If the lines of charge are moving together past the observer at some velocity, $ v \ $, the non-relativistic electrostatic force would appear to be unchanged and that would be the acceleration an observer traveling along with the lines of charge would observe.

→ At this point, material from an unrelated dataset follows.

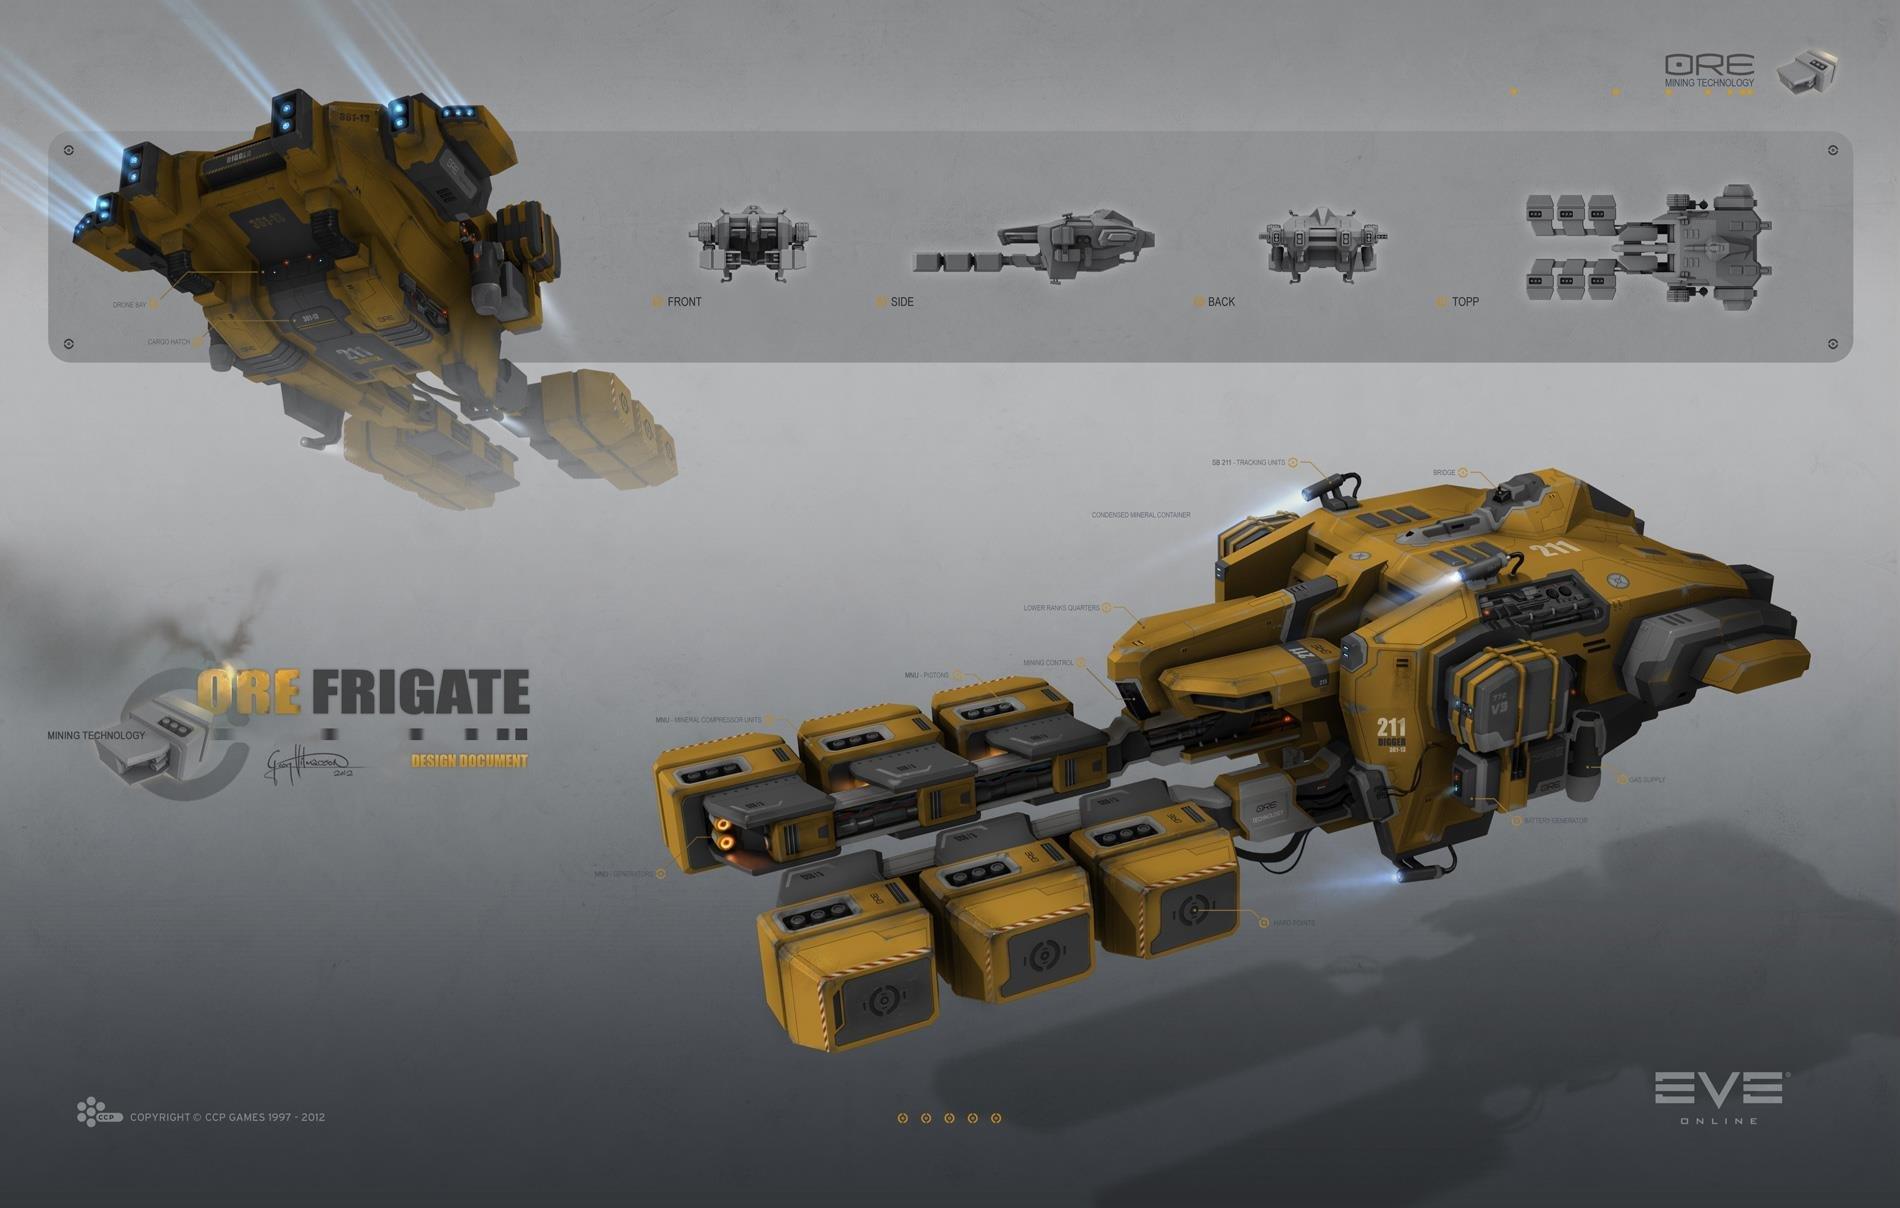 mining frigate venture concept for eve online [ 1900 x 1208 Pixel ]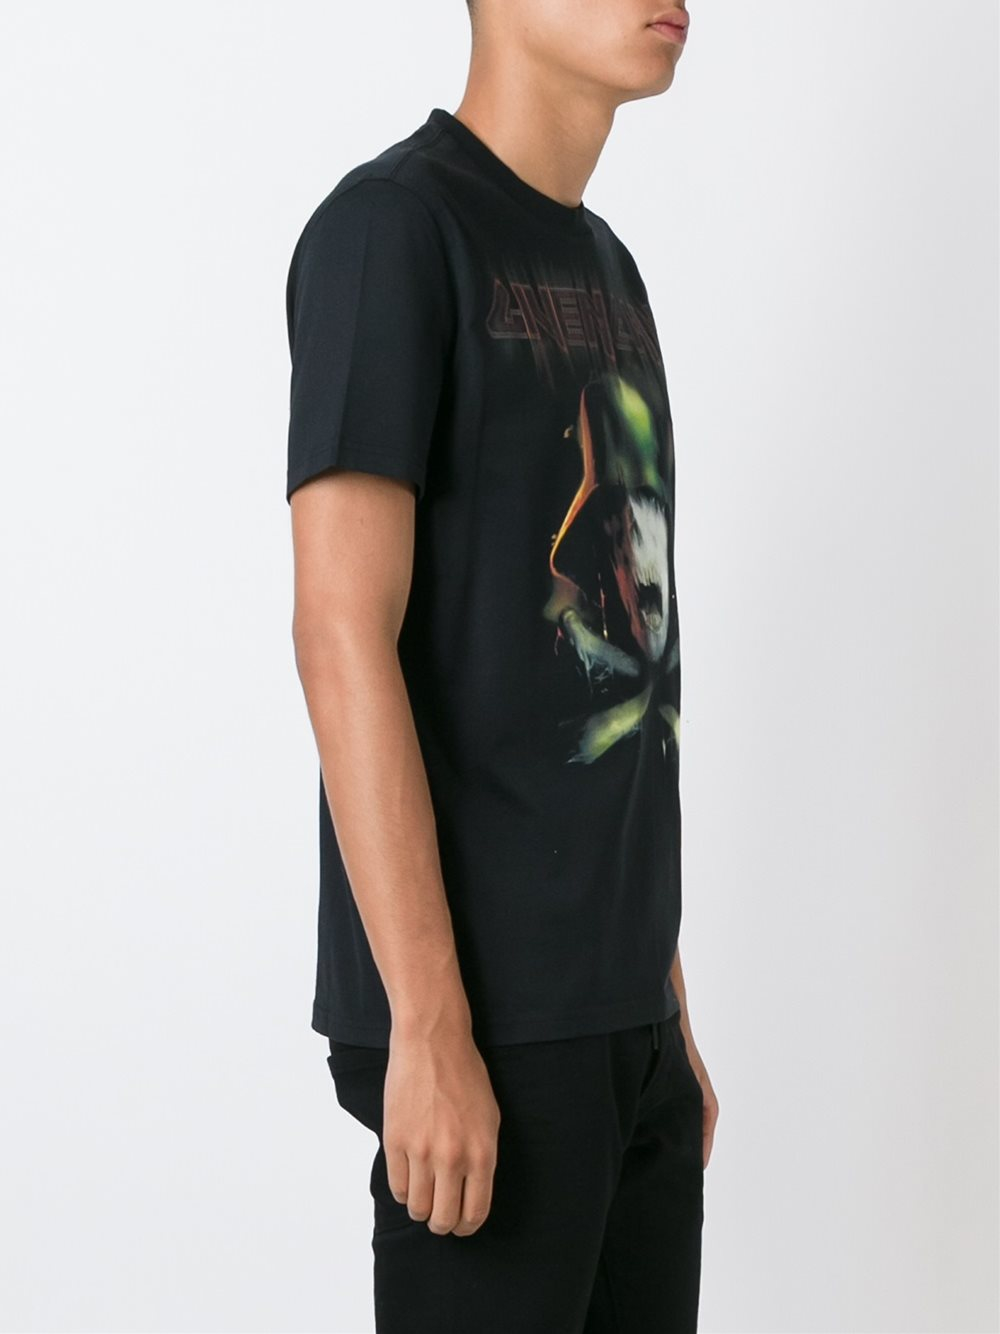 Givenchy logo print t shirt men cotton m in black for Givenchy t shirt man

Now, if special relativity is considered, the in-motion observer's clock would be ticking at a relative rate (ticks per unit time or 1/time) of $ \sqrt{1 - v^2/c^2} $ from the point-of-view of the stationary observer because of time dilation. Since acceleration is proportional to (1/time)2, the at-rest observer would observe an acceleration scaled by the square of that rate, or by $ {1 - v^2/c^2} \ $, compared to what the moving observer sees. Then the observed outward acceleration of the two infinite lines as viewed by the stationary observer would be:

$$ a = \left(1 - v^2 / c^2 \right) \frac{ \frac{1}{4 \pi \epsilon_0} \frac{2 \lambda^2}{R} }{\rho} $$

or

$$ a = \frac{F}{m} = \frac{ \frac{1}{4 \pi \epsilon_0} \frac{2 \lambda^2}{R} - \frac{v^2}{c^2} \frac{1}{4 \pi \epsilon_0} \frac{2 \lambda^2}{R} }{\rho} = \frac{ F_e - F_m }{\rho} $$

The first term in the numerator, $ F_e \ $, is the electrostatic force (per unit length) outward and is reduced by the second term, $ F_m \ $, which with a little manipulation, can be shown to be the classical magnetic force between two lines of charge (or conductors). The electric current, $ i_0 \ $, in each conductor is

$$ i_0 = v \lambda \ $$

and $ \frac{1}{\epsilon_0 c^2} $ is the magnetic permeability

$$ \mu_0 = \frac{1}{\epsilon_0 c^2} $$

because $ c^2 = \frac{1}{ \mu_0 \epsilon_0 } $

so you get for the 2nd force term:

$$ F_m = \frac{v^2}{c^2} \frac{1}{4 \pi \epsilon_0} \frac{2 \lambda^2}{R} = \frac{\mu_0}{4 \pi} \frac{2 i_0^2}{R} $$

which is precisely what the classical E&M textbooks say is the magnetic force (per unit length) between two parallel conductors, separated by $ R \ $, with identical current $ i_0 \ $.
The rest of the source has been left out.